Acusado mais de uma vez de transgredir os bons costumes e a ordem moral, o padre foi perdendo força de defesa entre seus padrinhos. Quando se negou a conduzir um convento de freiras ursulinas, coincidentemente dias depois um atípico furor uterinus coletivo passou a tomar conta das irmãs que, entre inúmeros episódios convulsivos, alegavam ter fantasias sexuais imaginárias com o padre. Segundo relatos das próprias ursulinas, este aparecia na imagem de um anjo radiante e, obviamente, isso foi o suficiente para que Grandier recebesse mais algumas acusações, como de feitiçaria e possessões demoníacas. 

Na época a feitiçaria era considerada um crime gravíssimo, com jurisprudência para pena de morte (ser queimado vivo em praça pública). A lei apontava que para situações como essa, o(a) acusado(a) deveria ser posto em tortura até confessar; se não confessasse, era porque Leviatã o(a) dava forças para não fazê-lo. Ou seja: não havia argumentos para contestar o destino traçado por seus algozes. Assim, trancado em um quarto sem iluminação, com as janelas fechadas com tijolos para que os demônios não fugissem, Grandier teve seu corpo depilado à procura de “marcas” que comprovariam seu pacto com o demônio. Ali ele permaneceu até que fosse proferida a sentença final, após três audiências com os juízes e sem sequer nunca ter conhecido pessoalmente nenhuma das freiras do convento das ursulinas. Sua via-crúcis é detalhada no livro de forma dramática e, no limite dos documentos históricos, abre espaço para a imaginação do autor e dos leitores, buscando a construção de uma verdade possível sobre as bruxarias e possessões em Loudun. 

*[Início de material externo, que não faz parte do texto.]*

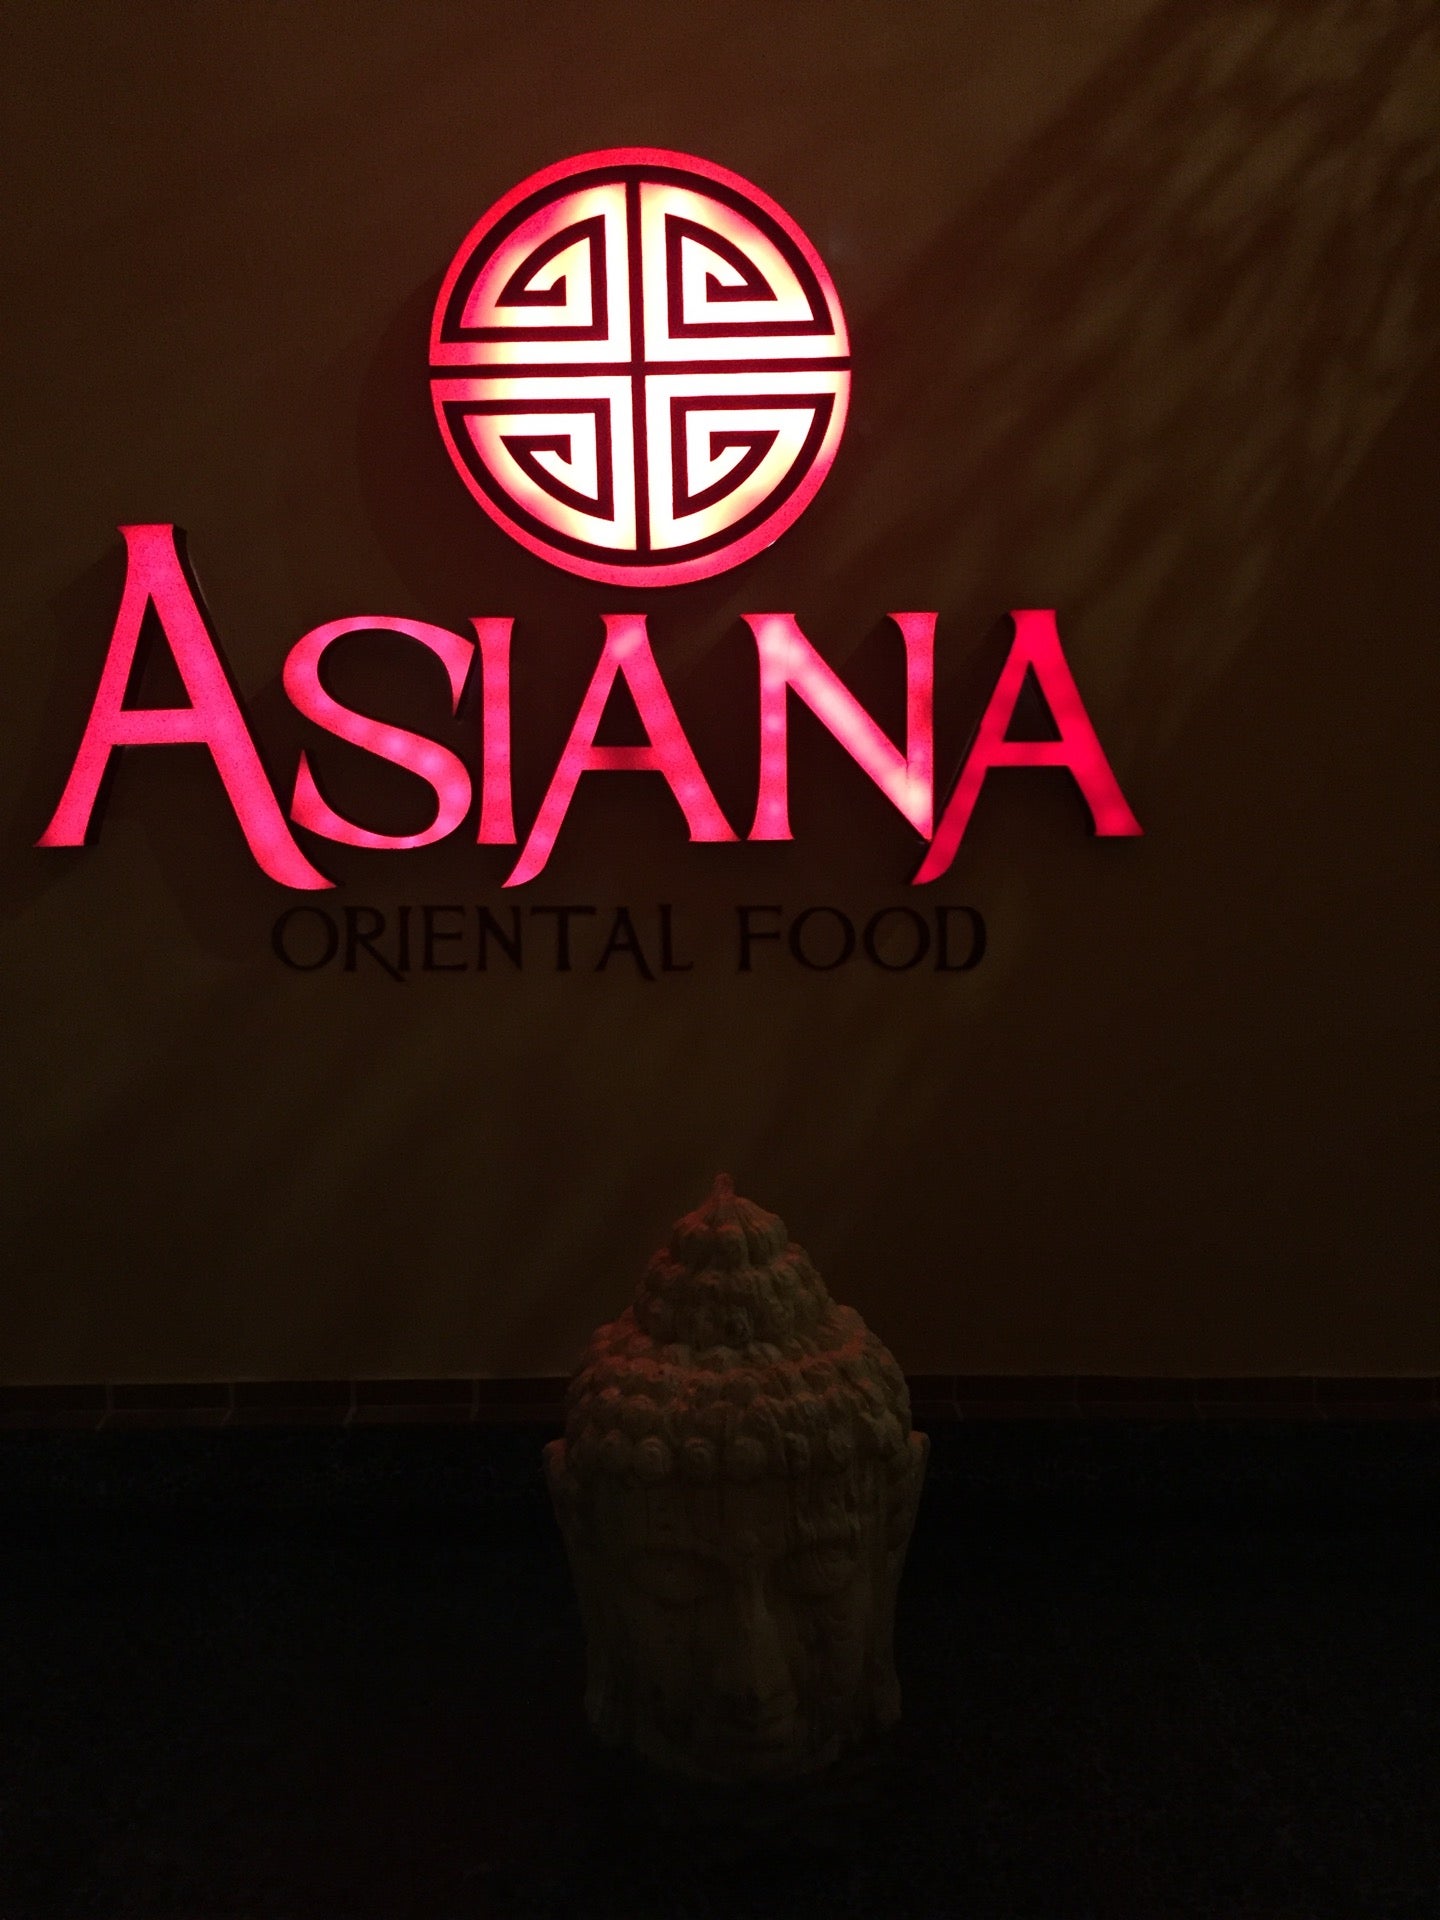 Asiana Oriental Food Sandos

Ilustração da execução de Urbain Grandier, em 1634

Nas entrelinhas da História Huxley ironicamente problematiza o que seria subjacente às possessões demoníacas de Loudun e os procedimentos adotados pelos exorcistas. A impressão causada é que, para o autor, afirmar a autonomia de uma entidade espiritual sobre si foi uma maneira encontrada para dar vazão àquilo que é inerente a condição humana, mas que, para uma sociedade ainda medieval, era uma baita imoralidade. Em outras palavras, reconhecerem-se como seres abjetos (mesmo que no campo da imaginação) livrou as freiras ursulinas da condição de serem obrigatoriamente castas. No mínimo interessante, não?